Die kurze, kalte Aufforderung galt den drei, mit finsteren Gesichtern hinter ihm stehenden Männern. Ihre in Stulpenhandschuhen steckenden Rechten hingen hinter den Kolben ihrer schweren Colts, bereit zum Zufassen und zum blitzschnellen Ziehen.

Zwei warfen nun ihre kreuzweise über die Hüften geschnallten Gürtel ab und schoben sich grinsend auf den Schmied zu.

»Stopp!« Der Donner zweier Schüsse riss dem hinter dem Tresen hervor stürzenden Keeper die Worte von den Lippen.

Der Schmied griff sich ächzend an die Schulter, wankte und rutschte dann an der Thekenwand hinunter. Der Ausdruck der ungläubig geweiteten Augen verwandelte sich in Schmerz und Wut. Seine Coltkugel war in die Holzdecke gefahren. Der neben Fensinger stehende Mann war um den Bruchteil einer Sekunde im Ziehen schneller gewesen.

»Sie sahen, dass es Notwehr war, Hilfssheriff«, gellte die Stimme Fensingers durch die plötzliche Stille. »Henner Barger zog zuerst und schlug auf den waffenlosen Ham Jebson an. Coppy Woodlong musste schießen. Barger wollte keinen ehrlichen Faustkampf.«

»Ehrlicher Faustkampf – zwei gegen einen?«, grollte der Keeper, während er sich besorgt über den Verwundeten beugte. »Es war eine niederträchtige Herausforderung! Barger hatte keine Chance.«

James Fensinger grinste nur. Der Revolvermann Woodlong stieß den Colt in das tief hängende Holster zurück und tat das Gleiche.

»Keine Angst, der Mann verdaut die Kugel«, höhnte er.

»Wer schoss?« Die Pendeltür war aufgeflogen. Der Mann im Türrahmen überflog die bewegungslos stehenden Männer, sein Blick fiel auf den am Boden Liegenden. Sheriff Buck Sunshine stutzte. Sein faltiges Gesicht unter dem dunklen, von Silberfäden durchzogenen Haar zuckte. »Also, wer hat Barger erschossen?«, fragte er.

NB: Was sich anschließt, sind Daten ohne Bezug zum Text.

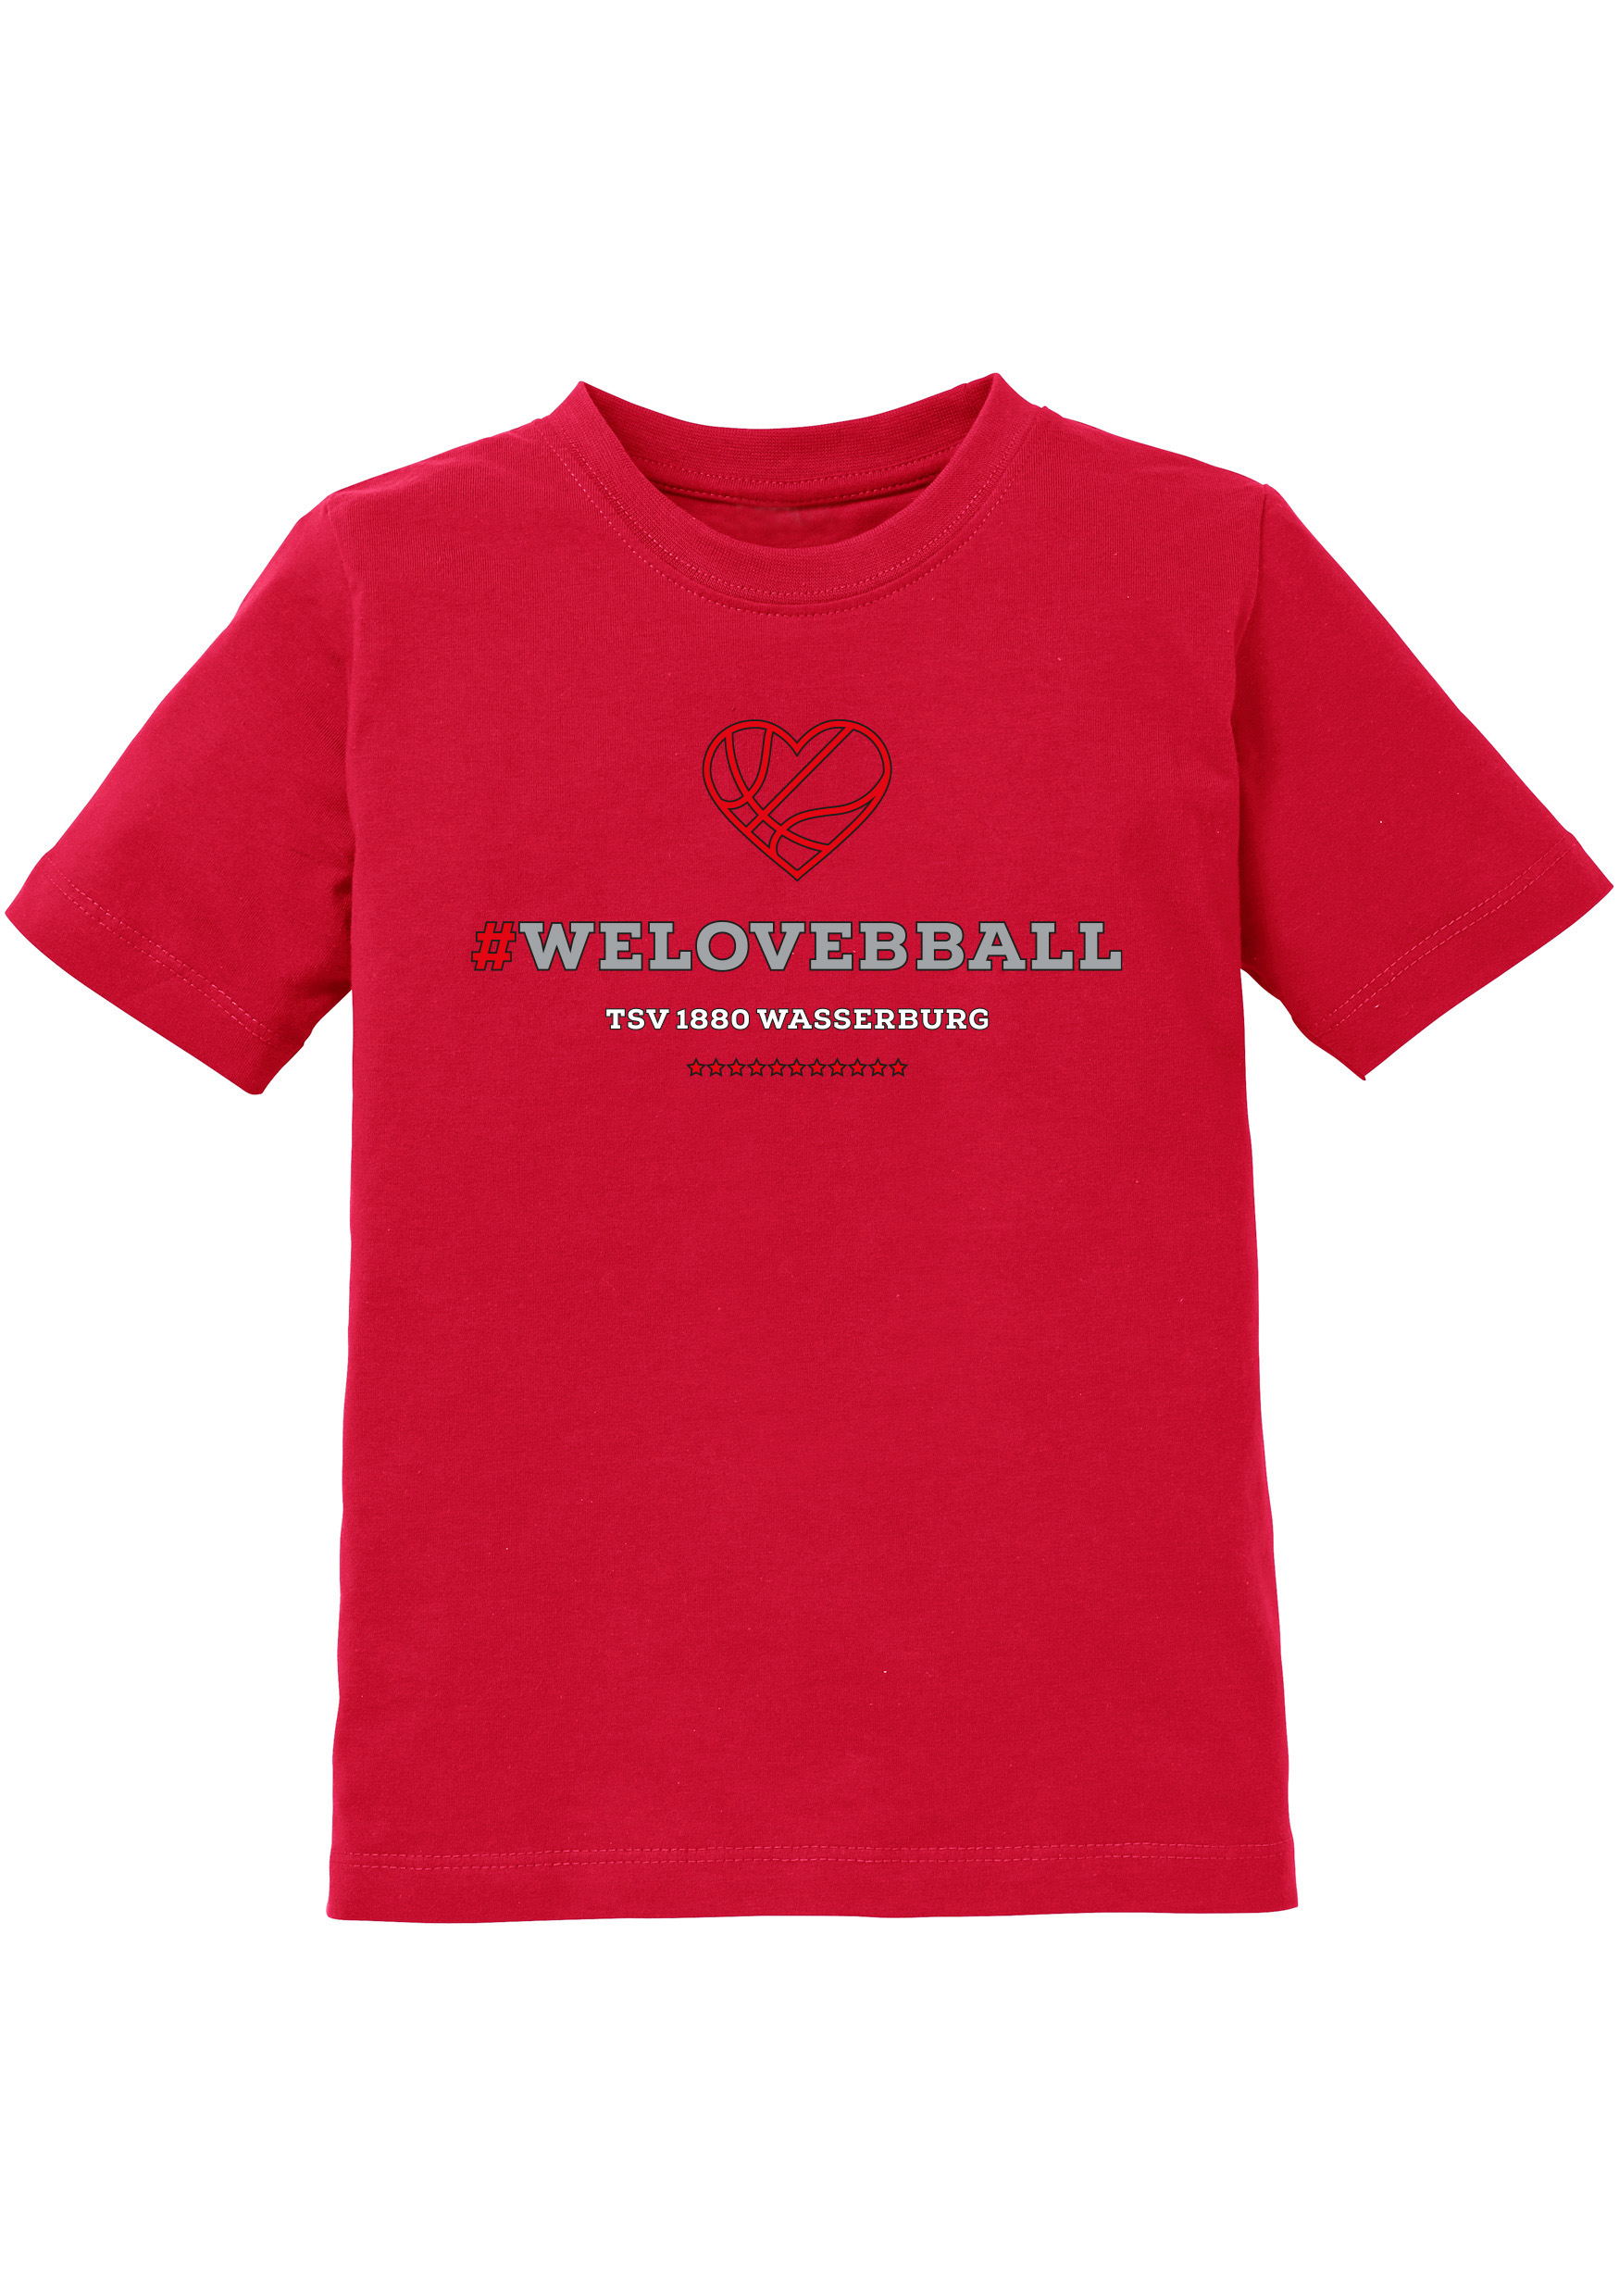 TSV 1880 Wasserburg T-Shirt Kids

»Tot ist er nicht, obgleich es nichts ausgemacht hätte, denn er zog zuerst«, erklärte Fensinger. »Erst beleidigte er meine Leute und mich. Dann hatte er Angst vor deren Abreibung. Fragen Sie Ihren Gehilfen, wie es war, Sheriff.«

»Yeah, stimmt«, gab dieser auf den fragenden Blick seines Bosses hin zu. »Henner Barger zog einwandfrei zuerst ...«

»Musst auch sagen, dass ihm zwei von den Burschen ans Leder wollten, Mills«, warf Jasper Stewart empört ein. »Die verdammten Schießer ließen Barger keine andere Möglichkeit!«

»Damn, sag das Wort noch einmal! Sag es, du Rossäpfelkratzer!«, grollte Woodlong. »Sag es doch, Mann!«, wiederholte er, und seine behandschuhte Rechte hing über dem Coltkolben in der Luft.

»Raus! Alle raus!«, brüllte Carley mit Stentorstimme wütend dazwischen. Seine Augen schossen Blitze. »Der Mann braucht Ruhe und muss versorgt werden. Mein Lokal ist geschlossen!«

Die Männer drückten sich wortlos an dem Sheriff vorbei durch die Tür und verschwanden.

Der Keeper schnitt dem Verwundeten mit einem Messer schnell das Hemd auf und untersuchte die Wunde.